Ogni tanto le ragazze chiamano anche time out, e si vede che a una è venuto in mente un gossip, pensi tu. E invece no, prendono la lavagnetta, sì, quella lì di plastica con cui il coach vi percuote di taglio, che voi usate per stilizzarci sopra dei membri maschili col pennarello indelebile o scrivere che la mamma di Ivan fa la pornostar. E loro ci disegnano sopra tipo le azioni, che dopo tutte provano a riprodurre in campo. Solo che poi alla fine non tira nessuna. Fanno l’inchino verso la giuria al tavolo e aspettano un voto sul volteggio nell’imbarazzo generale.

Argomento trash talking: le ragazze non sono veri uomini (cit. Collovati), e quindi non sanno fare trash talking. Le più violente si mettono un dislike su Instagram, si fanno le boccacce e gnègnègnè. E poi dopo i canestri non si possono neanche battere il petto come noi, che si fanno subito male, come quando tu esultavi alla Tafazzi dopo le triple e sei rimasto offeso.

Per queste cose qualcuna vorrebbe anche essere pagata, capito, che poi si sa che le donne sono venali e pensano all’economia domestica e si incazzano se compri la XBox a 40 anni, mica ti comprendono. E allora ogni tanto qualcuno promette loro dei soldi, che però non sempre alla fine dà, tanto non è mica una cosa seria.

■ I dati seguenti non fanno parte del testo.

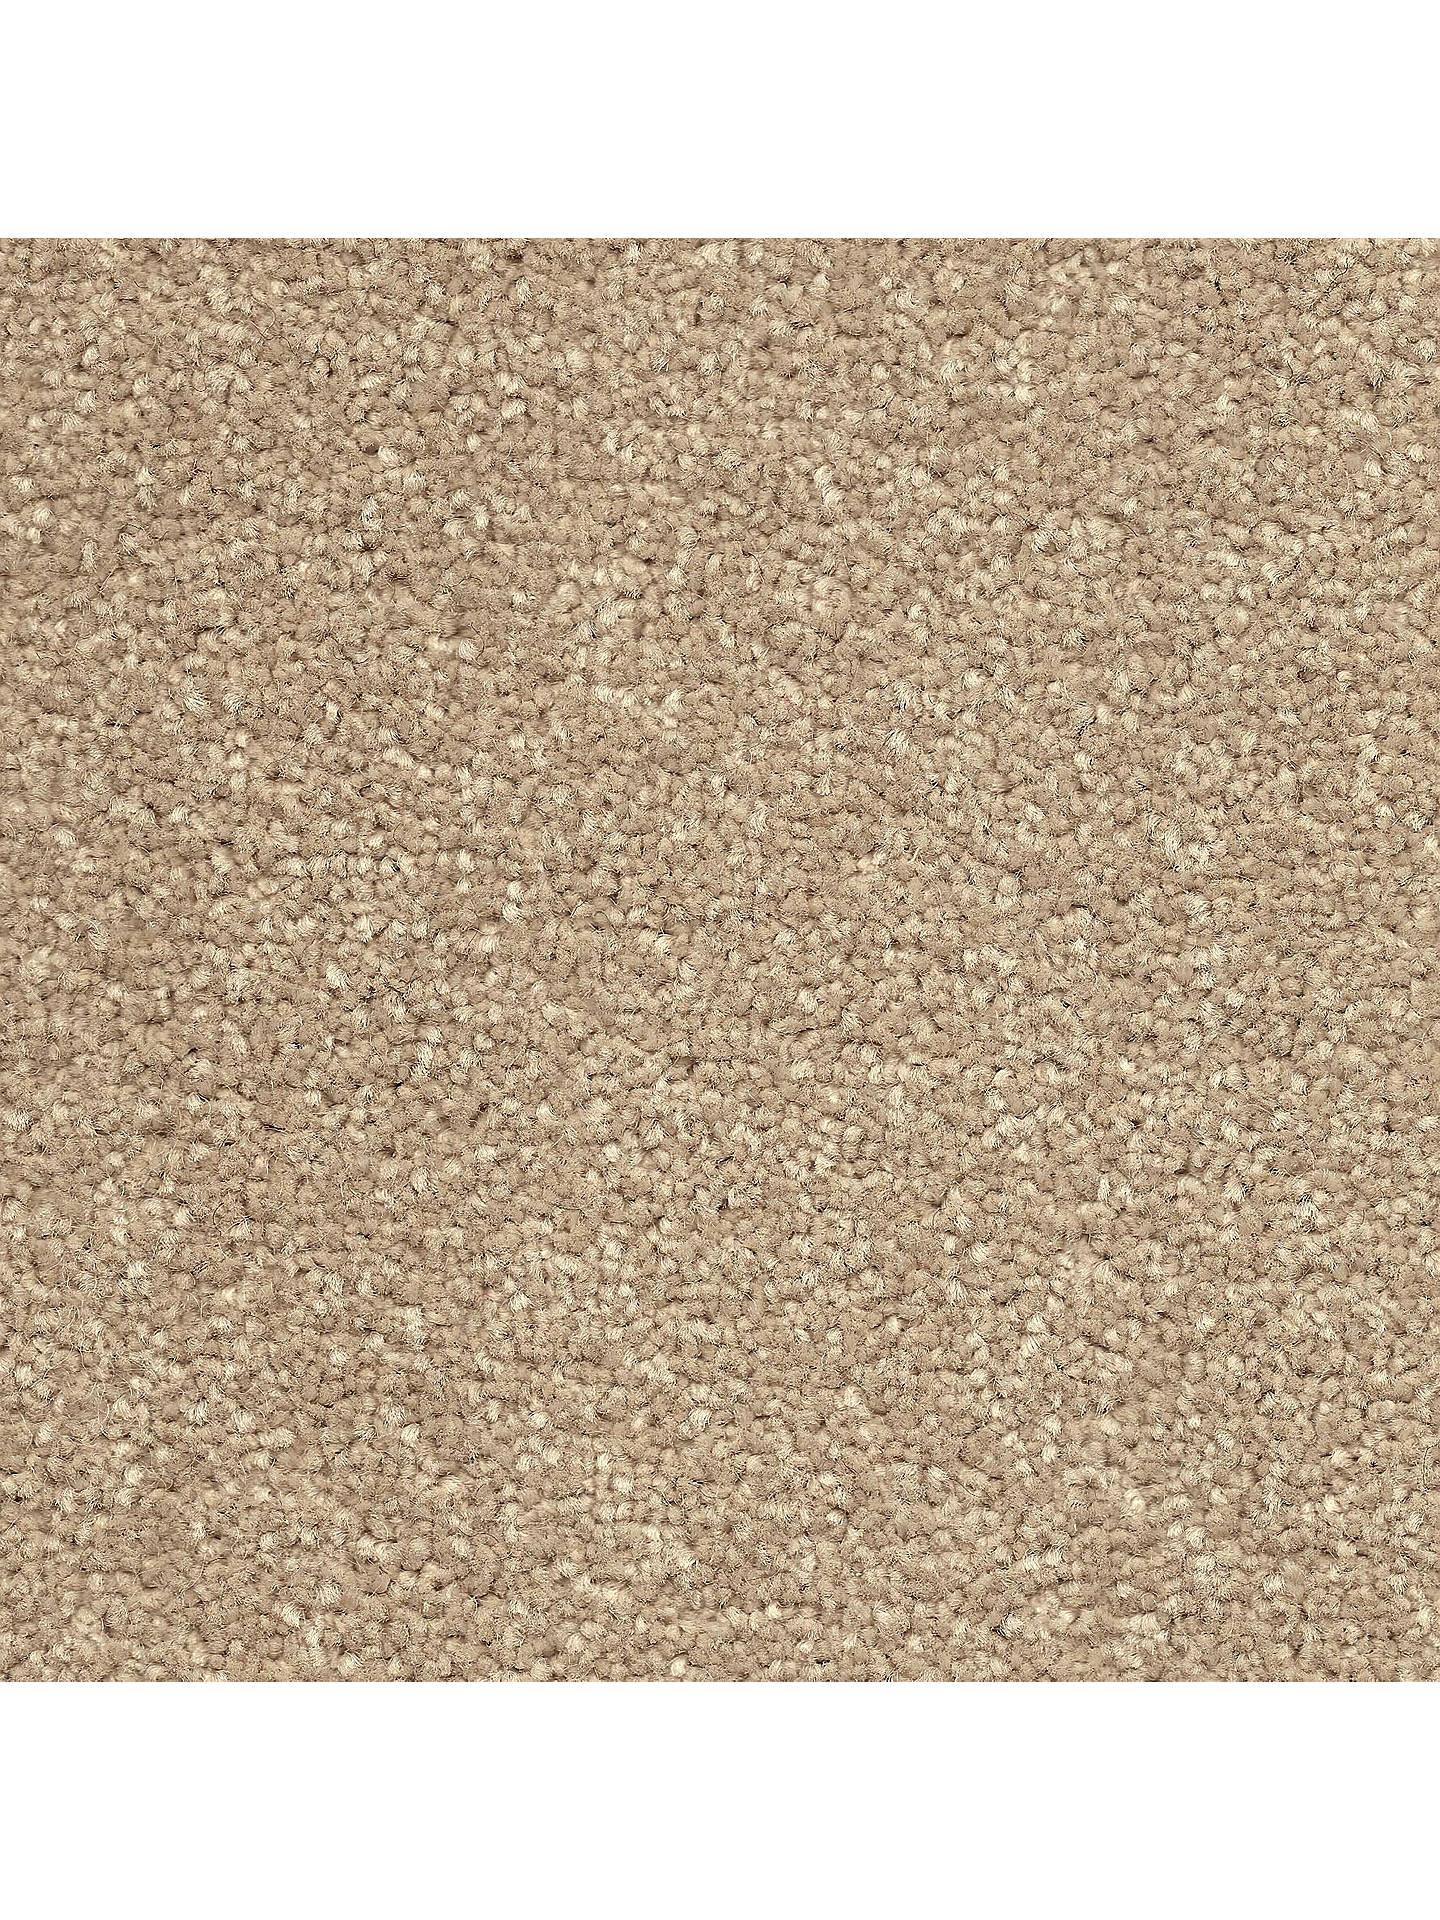 john lewis easy clean 34oz twist carpet at john lewis. Black Bedroom Furniture Sets. Home Design Ideas

E allora si scopre che per fare quattro allenamenti al pomeriggio di tre ore e due al mattino, e la seduta video, e gli individuali, e una trasferta di due giorni, prendono come te che giochi in una Promo ambiziosa che vuole salire, e fai due allenamenti a settimana da un’ora e un quarto, più seduta video di squadra su Pornhub. Con la differenza che a te li danno.

Ora sai di cosa si tratta, piccolo mio, e potrai meglio difenderti quando ti diranno che se James Naismith fosse qui adesso, vorrebbe avere inventato solo il basket femminile...

*Per i lettori che guardano i programmi di Red Ronnie e si sono fermati al passo e tiro: il doppio step back non è un refuso, è il movimento più in voga del momento nel basket maschile, in pratica si tratta di fare la Milano-Sanremo all’indietro con la palla in mano prima di tirare, tra ooooh di stupore dello spettatore medio, quello che ha votato Ultimo ed è incazzato perché ha vinto “mammut”, mentre l’arbitro per non fischiare deve fingere la caduta della rètina. Inclusa nel gesto tecnico c’è l’esultanza, ma solo quando si segna, una volta ogni quattro milioni di tiri: si può fare il gesto dello strangolamento al difensore facendosi un selfie con Lapo Elkann seduto in prima fila.